- Breed: Westphalian
- Sire: Grünhorn III (Westphalian)
- Grandsire: Grünschnabel (Westphalian)
- Dam: Finess (Westphalian)
- Maternal grandsire: Fidalgo xx (Thoroughbred)
- Sex: Gelding
- Foaled: 1978
- Country: Germany
- Colour: Black
- Breeder: August Benning

= Ganimedes =

Black Westphalian gelding; dressage competitor

Ganimedes (1978–2006) was a black Westphalian gelding, ridden for Germany by Monica Theodorescu in dressage competitions. During their competition career, the pair won medals at the Olympic Games, World Championships and European Championships, and reached podium several times at the World Cup Finals. Ganimedes was euthanized in 2006.

==Early life==

The black Westphalian gelding was bred in 1978 by August Benning. He was named after Ganymede, a divine hero described as the most beautiful of mortals in Greek mythology. His sire was Grünhorn III and his dam was Finess, while his dam's sire was Fidalgo xx. In 1981, Ganimedes was acquired by Romanian-born dressage trainer George Theodorescu as a future prospect for his daughter Monica.

==Competitive career==
Ganimedes and Monica Theodorescu competed in their first and only Olympic Games in 1988 at the Seoul Games. The pair helped the German team to a gold medal, and were also in contention for an individual honor, having placed third in the opening round. Several major mistakes in the final round, however, dropped them to the eventual 6th-place finish. The mistakes were largely attributed to a wandering shadow coming from a roof of the Grand Stand, which spooked at least six horses during the competition.

Following their Olympic debut, Ganimedes and Theodorescu reappeared on the German team for the 1989 European Championships in Mondorf and the 1990 World Championships in Stockholm. Both times they helped the German team to a team gold, while in Stockholm they also managed to reach an individual podium for the first time following a bronze medal performance.

Following a tendon injury, Ganimedes was kept out of the competition for the most of 1991. By the time he recovered, he was faced with a rival in Theodorescu's stables, Hanoverian chestnut Grunox. Grunox went on to be Theodorescu's pick for the Barcelona Olympics, while Ganimedes' competition career from that point on was mostly focused on the World Cup. The pair enjoyed much success in the new environment. They won their premier World Cup title in 1993, which they successfully defended a year later. In 1995, they were the reserve World Cup champions, behind Anky van Grunsven and Bonfire.

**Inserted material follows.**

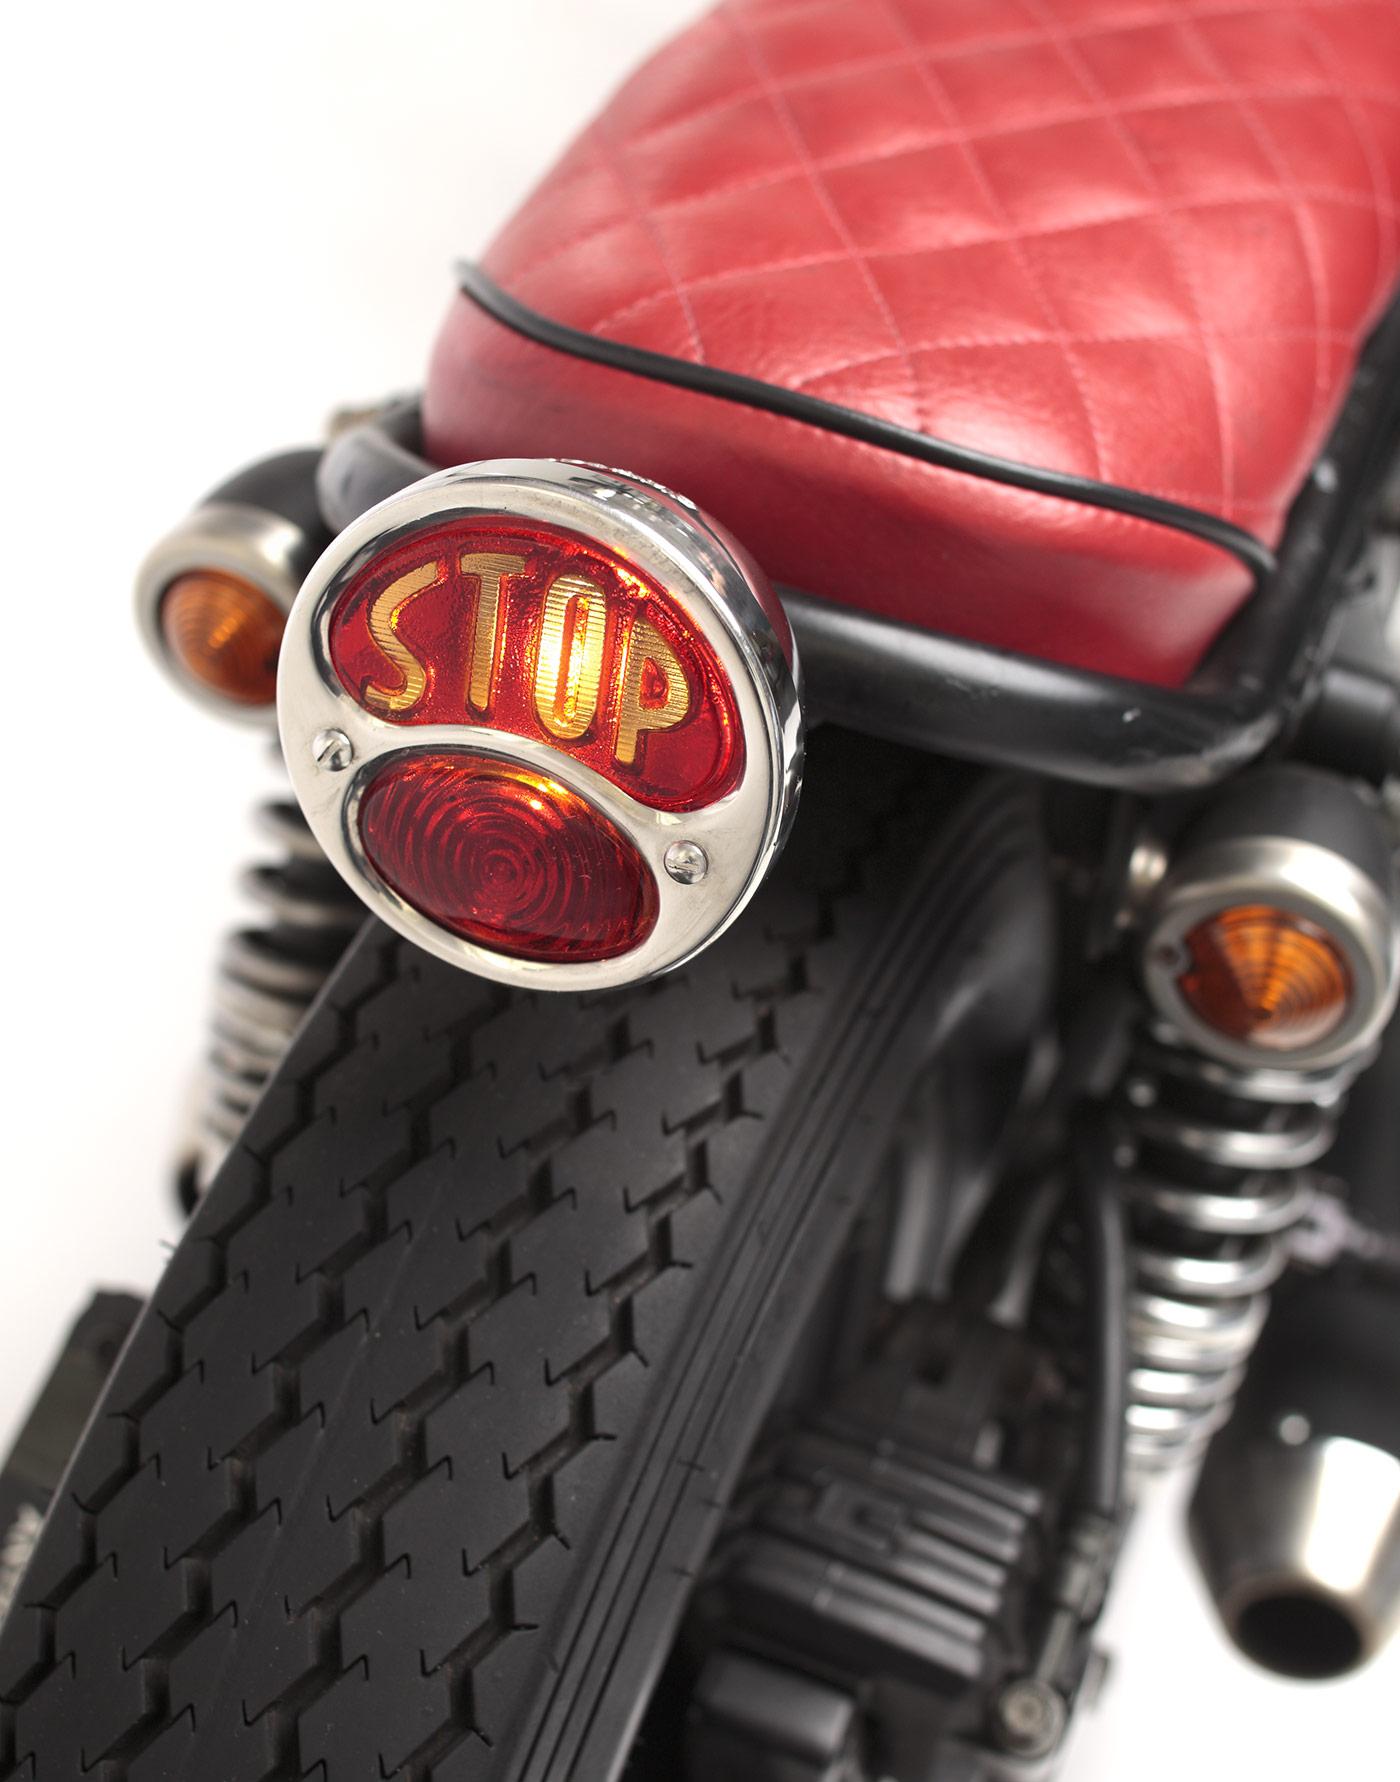 XS650 Lefty Lucy - Classified Moto
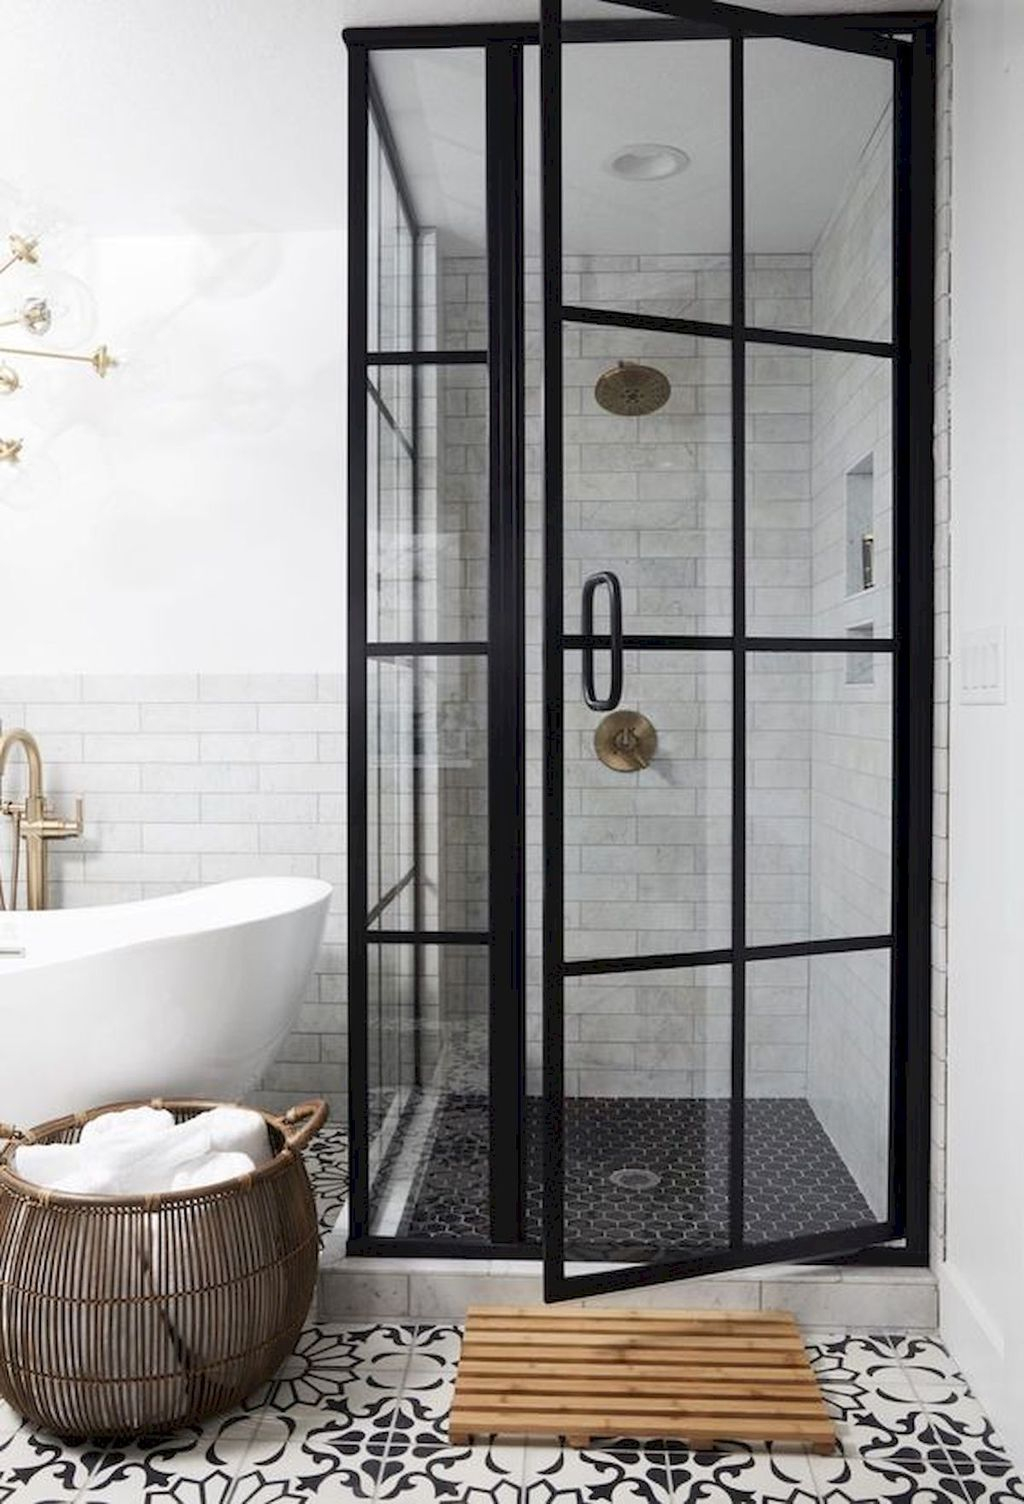 Astonishing Farmhouse Shower Tile Decor Ideas To Try 15

In the years of competing with Theodorescu, Ganimedes was known for his copybook extensions and lateral work, exceptional walk and well-centered pirouettes. Conversely, it is believed that a timid piaffe kept them away from the very top during their entire career.

Ganimedes was retired from sport in 1995.

==Legacy==
Ganimedes enjoyed 11 years of retirement at Theodorescu's home. In 2006, he was euthanized after experiencing a rapid decline in health. Theodorescu described her partnership with Ganimedes with "I spent half my life together with Ganimedes. It is hard to say what my fondest memory is of him or our greatest success. It is everything together. I have so many wonderful memories."